Because of the risk of contagion, the charity also began to pay for hotel rooms for families to stay for two weeks prior to moving into one of the Ronald McDonald homes. Last year, they footed the bill for some 6,000 nights at two nearby hotels.
“In the future, once we’re full to bursting again,” Greenberg said, “we intend to use these hotel partnerships to keep serving families, so that we’re not turning people away.”
Before COVID-19, the charity was forced to turn away up to 1,000 families a year.
Of its homes, the oldest, opened in 1988, is the Bernstein House with 19 rooms and is named after Bob Bernstein, the local co-founder of the Bernstein-Rein advertising agency and who, in 1977, developed the packaging for the McDonald’s Happy Meal.
There is also the Longfellow House, which opened 15 years ago, with 41 rooms. The Wylie House, which has 20 rooms, is six years old. Children’s Mercy has seven additional rooms.

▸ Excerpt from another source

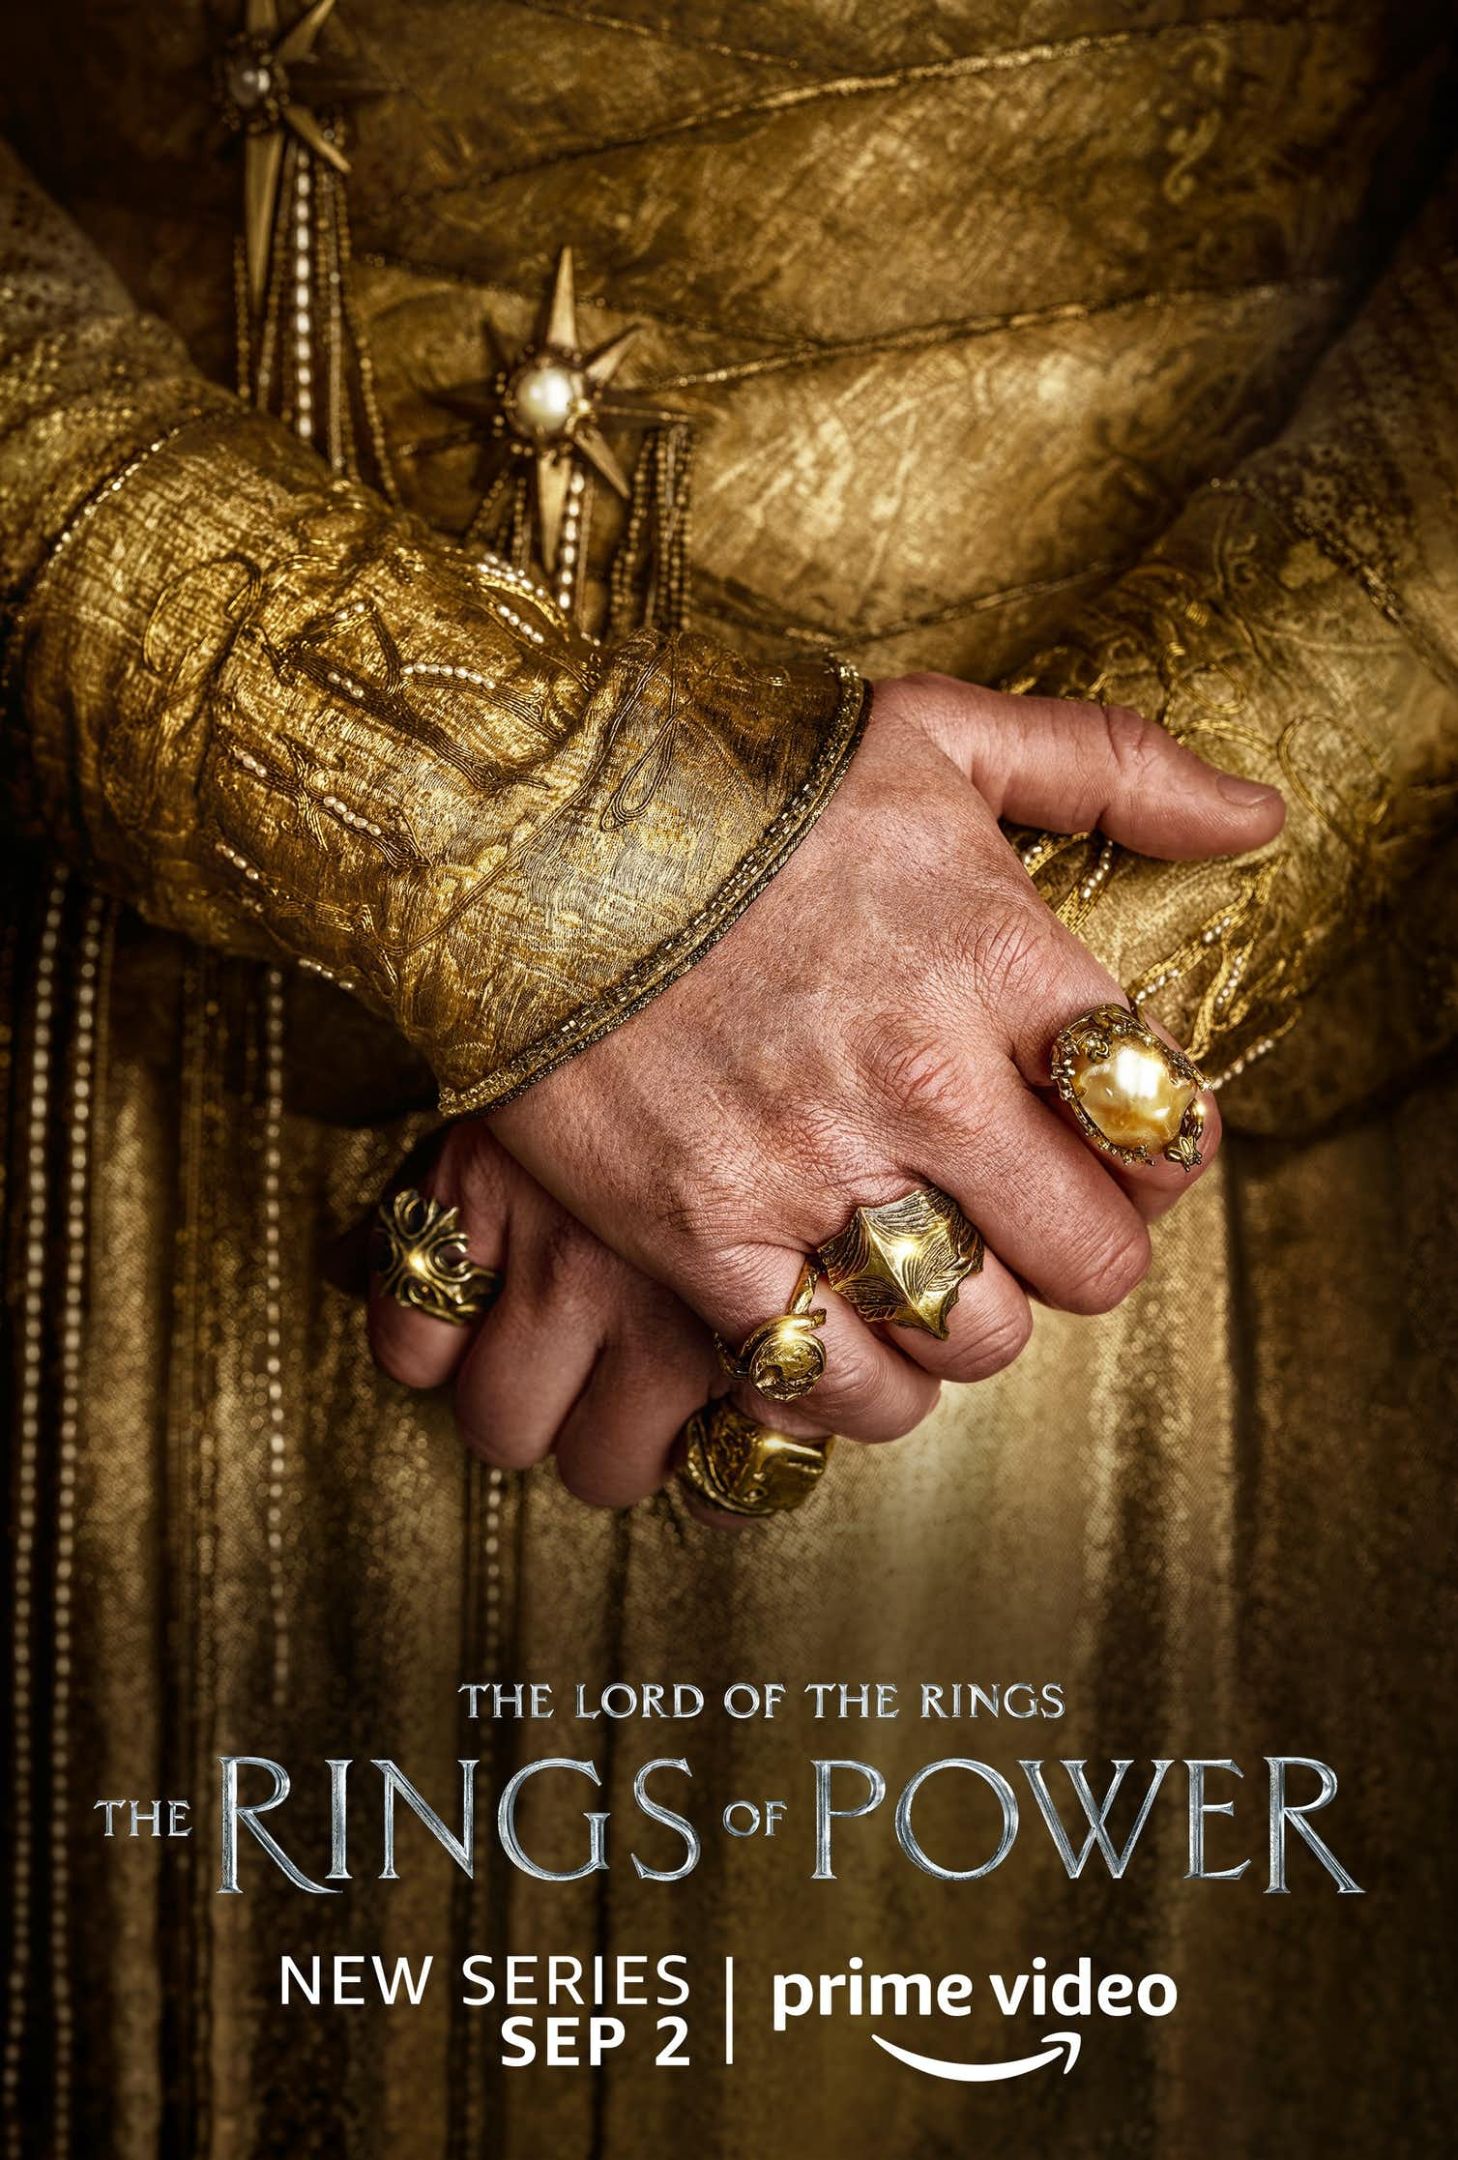 亚马逊的海报工作室即将到来的权力的戒指。有人穿着黄金折叠手手上的戒指可见

The renovation is taking place at the Longfellow House. The common area’s playful Gulliver-sized rocking chair has been removed to make way for the new decor. The room is being designed by Denise Cadenas, who has three children and works for Day’s company, Growing Days Design.
An artist’s rendering shows a gray, black and white motif with a living room-style seating area, large dining table and a natural wood counter with computer monitors.
Also because of COVID-19, the common spaces in the homes have been closed off to families, leaving an opportunity for one to be redone
“COVID has changed everything for us,” Greenberg said, “except the most important thing, which is keeping families close to their kids.”